Evonik had hoped to float in 2011, when a deal size of €7bn–€8bn was mooted, but uncertainty in the markets was “poison” for an IPO, said RAG chairman and Evonik supervisory board chairman Wilhelm Bonse-Geuking when that plan was abandoned in September 2011. Frustration at the failure of the 2008 IPO plan was moderated by the subsequent sale of 25.01% to CVC.
“Shaking the dust off and taking another run at an IPO could have ended with them running into the same brick wall. We suggested they think again and proposed an alternative structure we had been working on,” said Staecker.
Each time Evonik considered a listing, it attracted enormous attention, while the significance of the deal and its size ensured that on each occasion there was a large group of bankers and lawyers involved. The June process included five bookrunners and two independent advisers.
The theory exists that a billion euro IPO is easier to price than one a tenth of the size as investors do not need to worry about size of allocations, liquidity in the aftermarket, research coverage, the volatility that comes from backing small companies, etc. But when investors are worried about the macroeconomic outlook, lack inflows into their funds and want to know the deal is covered before committing their own orders, a deal size of €3.5bn-plus becomes problematic.
MainFirst’s solution was to avoid the spotlight.
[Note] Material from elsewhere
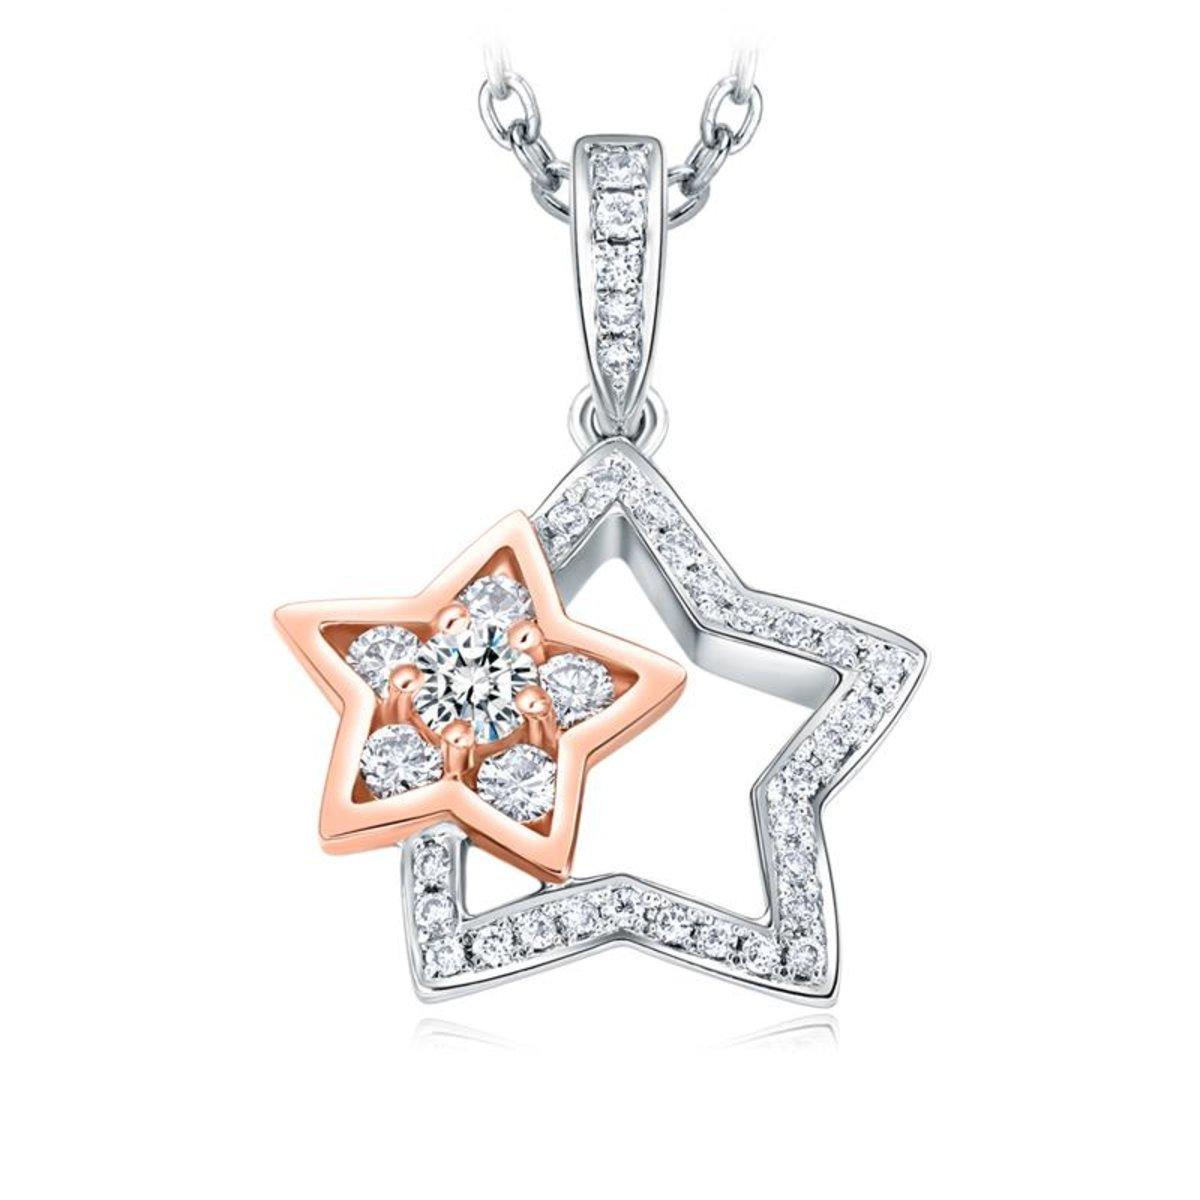 18K/ 750 Rose, White Gold diamond pendant

A private placement process could involve many of the same investors as an IPO but control would be in the hands of the sellers rather than the buyers. Valuation would be affected due to the lack of listing initially, but that may be a small price to pay for certainty. It did not promise too much, but was confident enough to convince the company – at the expense of the existing bank advisers. Confidentiality was crucial so the other banks were excluded – most only knew the process was taking place when it was wrapped up in February.
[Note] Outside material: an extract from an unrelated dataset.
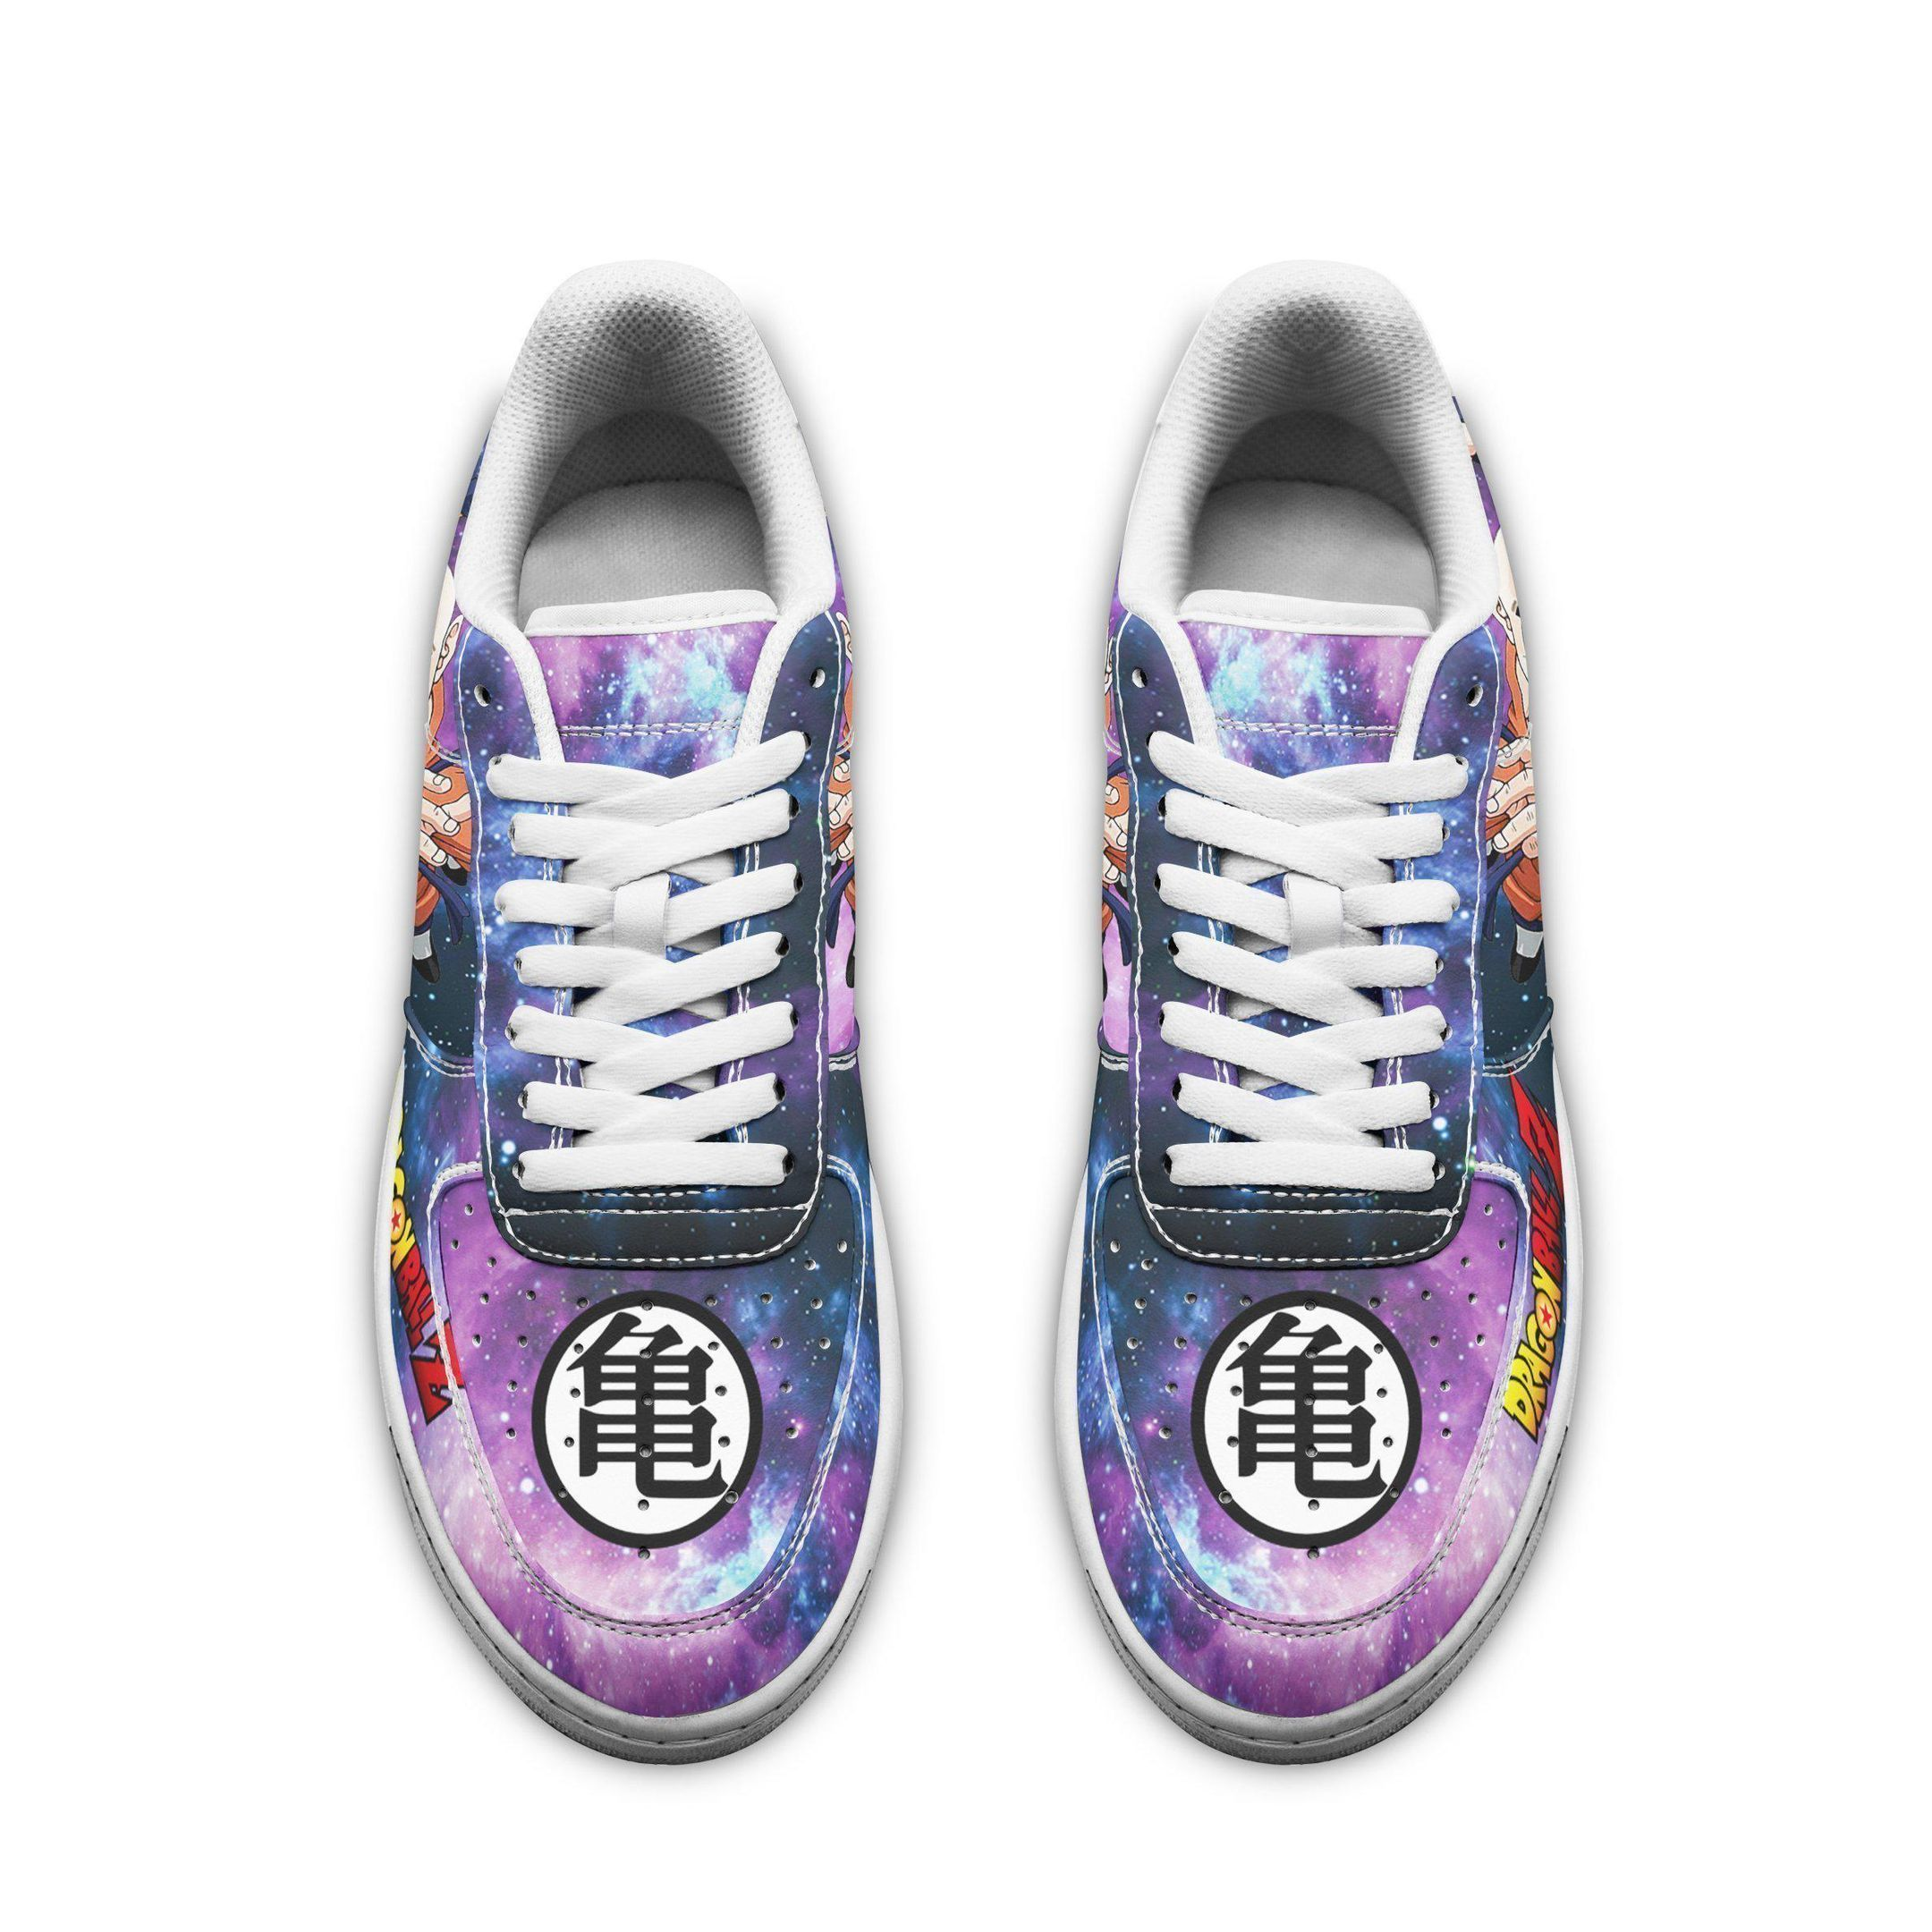 Krillin Air Shoes Dragon Ball Z Anime Shoes Fan Gift GO1012

In the event 12.2% of the company was sold by CVC and RAG to over 100 investors, of which Temasek, advised by HSBC, was by far the largest at 4.6%. A further 2%, plus 0.3% greenshoe, was sold by MainFirst and Deutsche Bank in a fixed-price placing the day before Evonik eventually made its debut on April 25. The fixed price of €32.20 valued the company at €15bn, giving an initial free-float of over €2bn.
It had taken nine months, but the unorthodox plan worked and the two major shareholders could finally see the exit. Neither seller will risk destabilising the share price by rushing for the exit, but unlike an IPO, no shareholder is locked up after the listing. This additional flexibility surprised rival bankers and it remains to be seen whether the fear of a jumbo placing at short notice – remember an IPO of over €5bn was once the plan – will hinder stock performance compared with benchmarks.
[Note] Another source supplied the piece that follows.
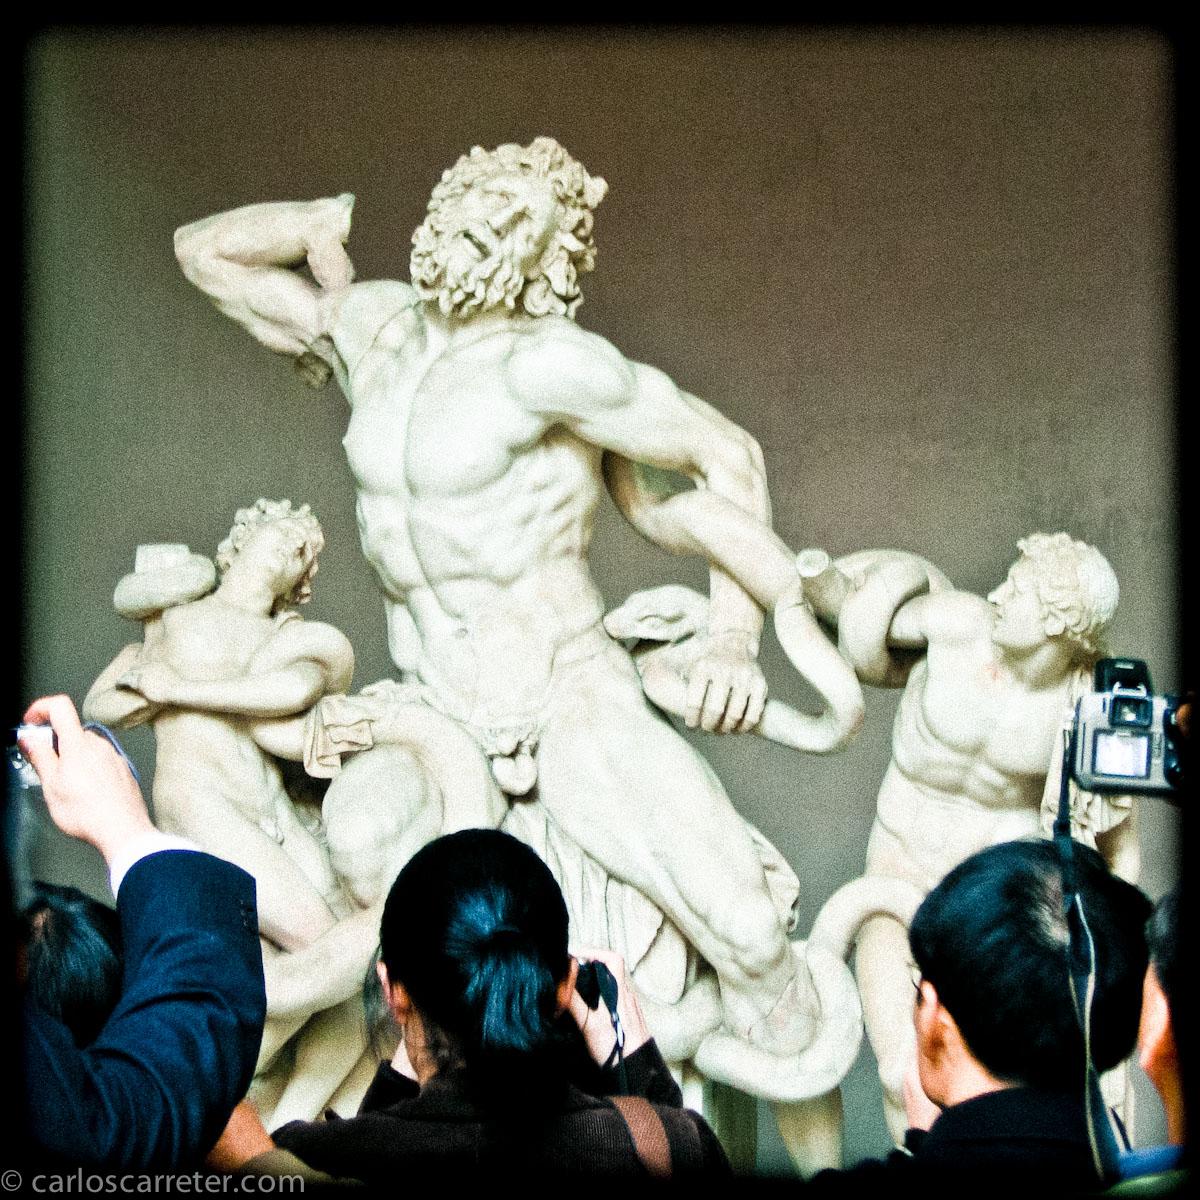 Laocoonte y sus hijos - Musei Vaticani

Observers remain cautious over the model used by Evonik. The market has improved substantially since the failed IPO last summer with specialty chemicals stocks up over 30% but while the IPO market is recovering, there has not been a float as large as that envisaged for Evonik. MainFirst is clear that this is not a model to be followed by others, but it does indicate an approach others could employ.
“This structure was bespoke for Evonik, but the theme holds true – linking investors up with companies without the pressure of public scrutiny and getting them engaged in a way disconnected from any pending offering. Any company considering listing should understand investor needs ahead of time and find fundamental, not momentum, investors,” said Staecker.
European ECM teams have led several private placements in the past year, including for Formula 1 and ISS, after floats were abandoned. Evonik took it a step further by making the listing part of the same process.